Tabare Bordach emtb@adinet.com.uy has sent his information based on documents stored at Railway Museum - Railway Studies Circle of Uruguay (CEFU)

In 1860 a project was launched to build a rail or tram way from Montevideo to Durazno, known as "Ferrocarril a Durazno", but the scheme failed on the grounds that it would interfere with an existing road and because the promoters had no connection with public men of Government.

Other proposals were subsequently mooted, but it was not until 1865 that Mr. Senen Maria Rodriguez obtained permission to build a railway from Montevideo to Durazno via Las Piedras, Canelones and Florida. Largely by reason of the persistence of Senen Rodriguez —a leading Spanishman and a member of a respected Montevideo family - the scheme was brought to fruition, and by a decree dated on October 10, 1866, the "Ferrocarril Central" came into existence.

The route between Montevideo and Durazno crossed a number of rivers and, as the money available did not permit expensive earthworks, the line had to end at Las Piedras.

On October 4, 1868, the Directors arranged an inaugural trip. The President of Uruguay, Gral. Lorenzo Batlle, arrived at Bella Vista at eleven on that morning, and shortly afterwards a train consisting of three carriages, drawn by locomotive Nş 1 named "General Flores", left Bella Vista for La Paz River, about 2½ miles before Las Piedras. The line was not completed until the 22nd. of that month, reaching Las Piedras.
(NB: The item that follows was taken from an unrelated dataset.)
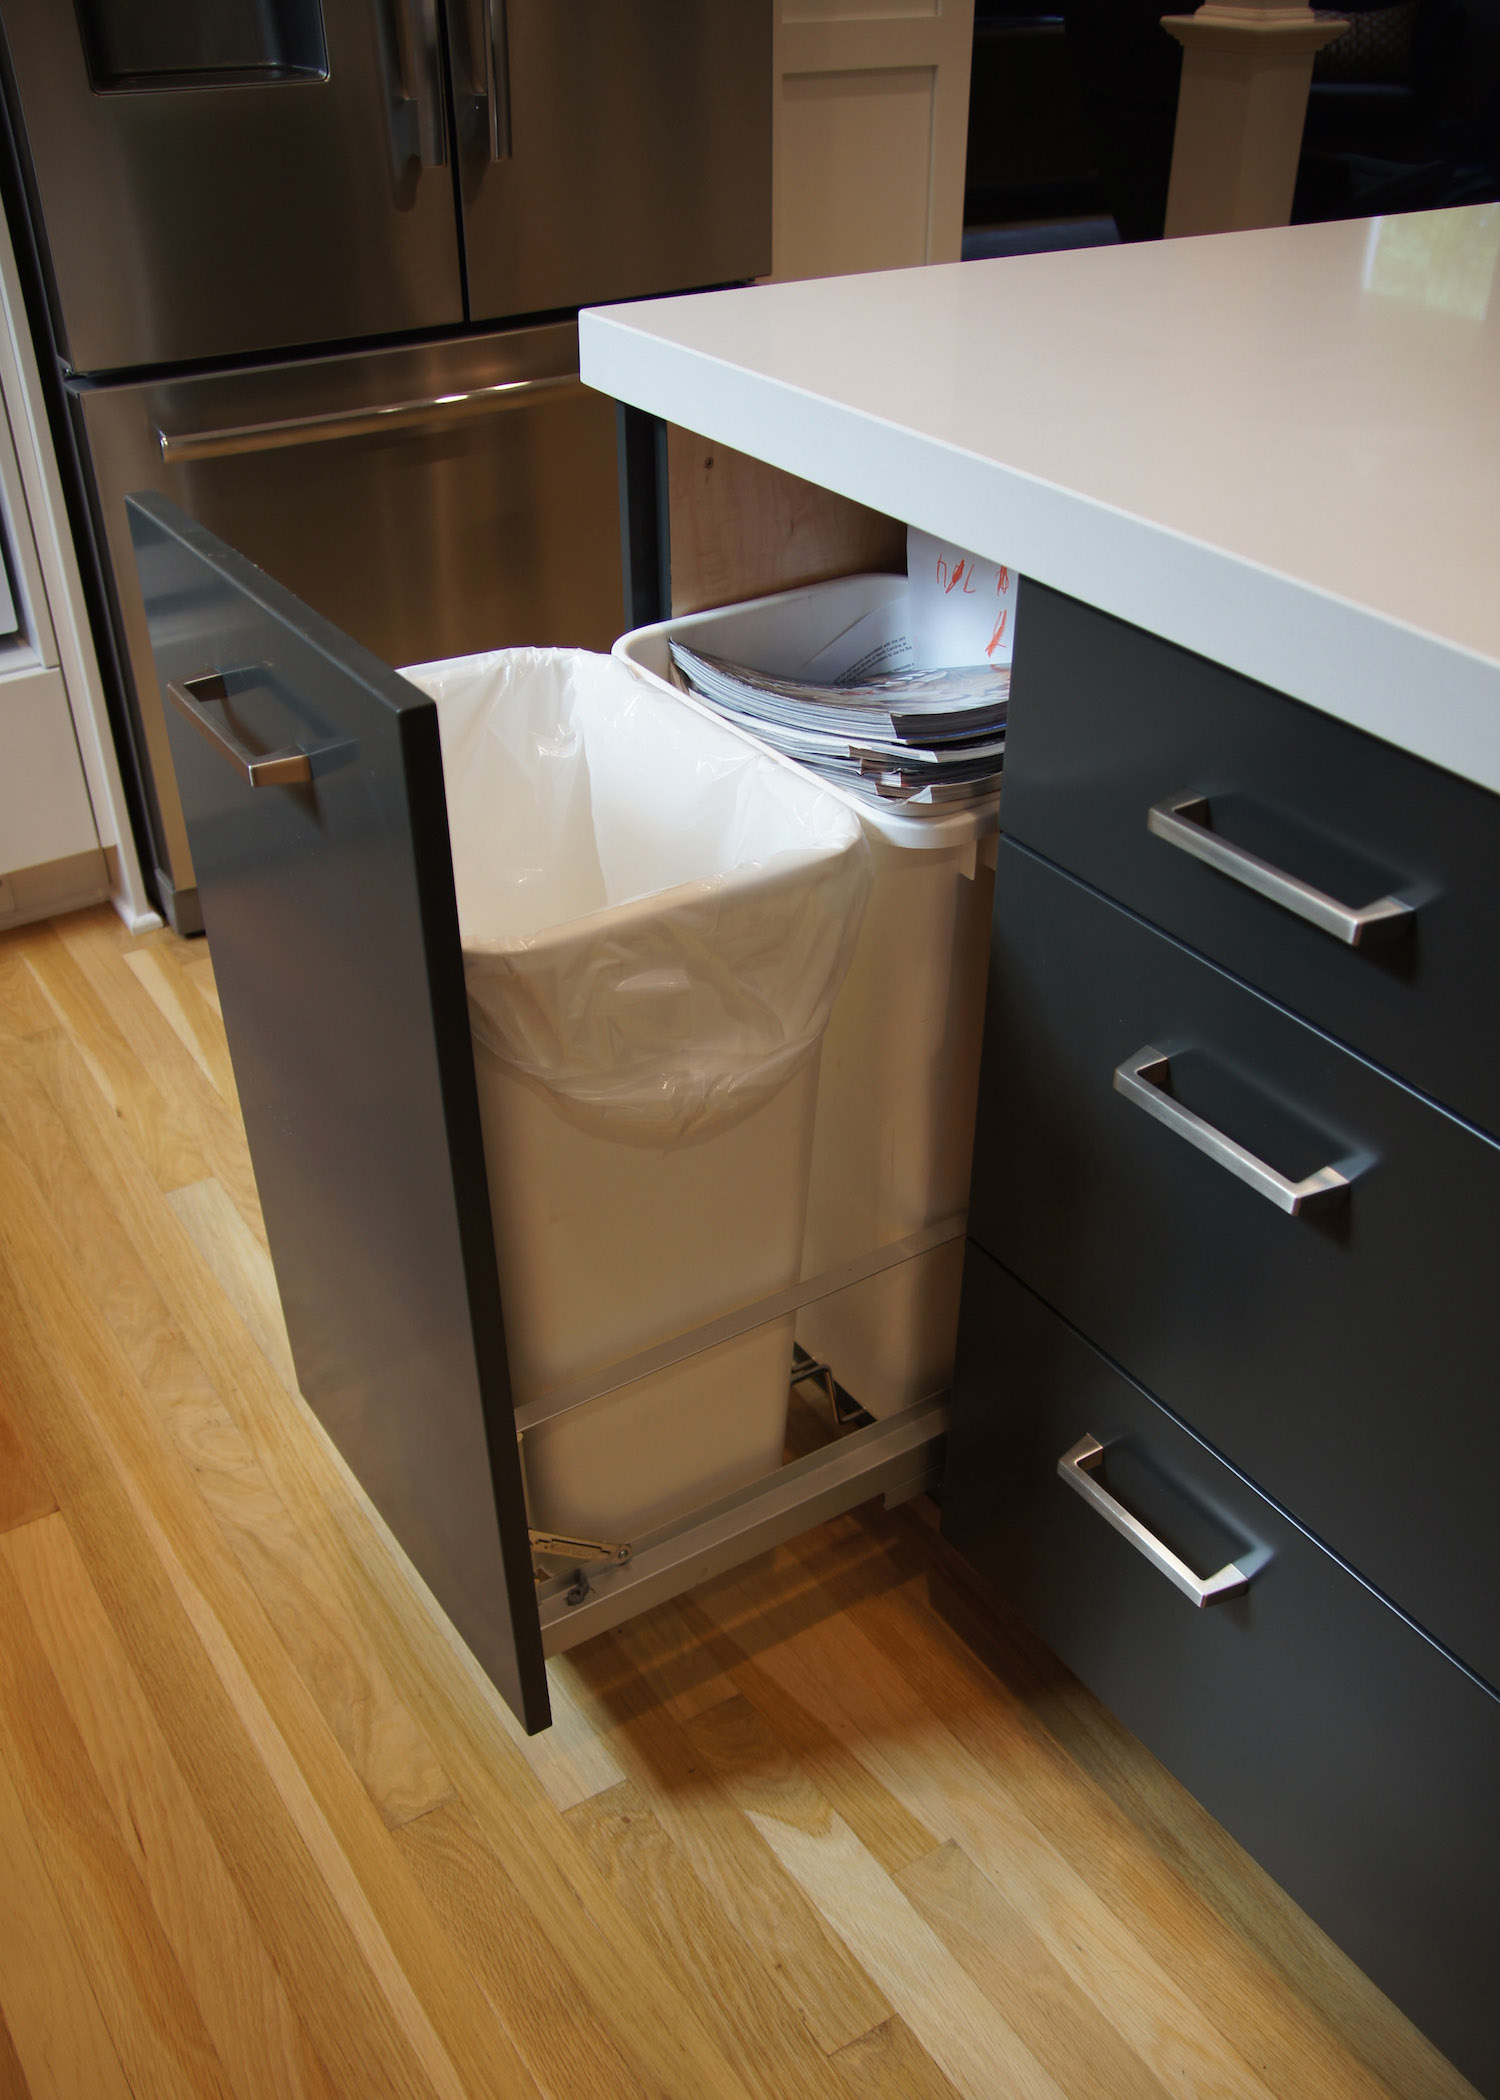 S.trash can.01.jpg

The Directors decided to open the line formally on January 1, 1869. That morning the train arrived at Las Piedras, and there was a display of fireworks. The first railway in Uruguay was brought into public use on that day.

When completed, the railway consisted of 10 miles 4 furlongs of standard gauge single line. Gradients were not numerous, the sharpest being 1 in 60. There was also two curves, having a radius of 20 chains. Two small bridges were necessary; the arches of which were brick on stone or masonry abutments. In addition, a number of culverts were erected. Stations were built at Bella Vista, Pantanoso (now Colon) and Las Piedras.

The operation of the railway was not a complicated matter, in that, no telegraph was necessary, and single-section was worked by time interval system for many months. The time taken for the journey of 10½ miles was 42 or 44 minutes. The line was worked with two engines, The "General Flores" and the "Montevideo", which were built by Manning Wardle & Co. They were of the 0-6-0 saddle tank type, with 3ft. 6in. wheels, 11in. by 17in. cylinders, 120 lb. pressure and a weight in running order of 16½ Tons. Apart from minor troubles and the outset of their careers, these two coal burning engines rendered good service. Nş 1 and Nş 2 were scrapped by 1905, but one sister loco is in existence: Nş 3 preserved in working order by the CEFU. The coaching stock was of British design (Ashbury Co., of Manchester), and comprised eight 4-wheel carriages. They had an average tare weight of 7 or 8 Tons. Ten tarpaulin, eight pick-up and four covered completed the list of rolling stock.

The first full year working resulted giving a loss of $ 17367 (Uruguayan money). The next year showed a debit balance, attributable to the revolution. The unfortunate occurrences in Uruguay had checked the prosperity of the company. The continued failure of the Directors to make definite proposals for meeting the acute financial situation of the "Ferrocarril Central" caused that it was impracticable to continue working without additional capital expenditure. In October 1870, Mr. Rodriguez travelled to England and obtained an additional capital from Waring Brothers of London. The amount of these capital was £300,000 entitled to interest at 7 per cent., per annum.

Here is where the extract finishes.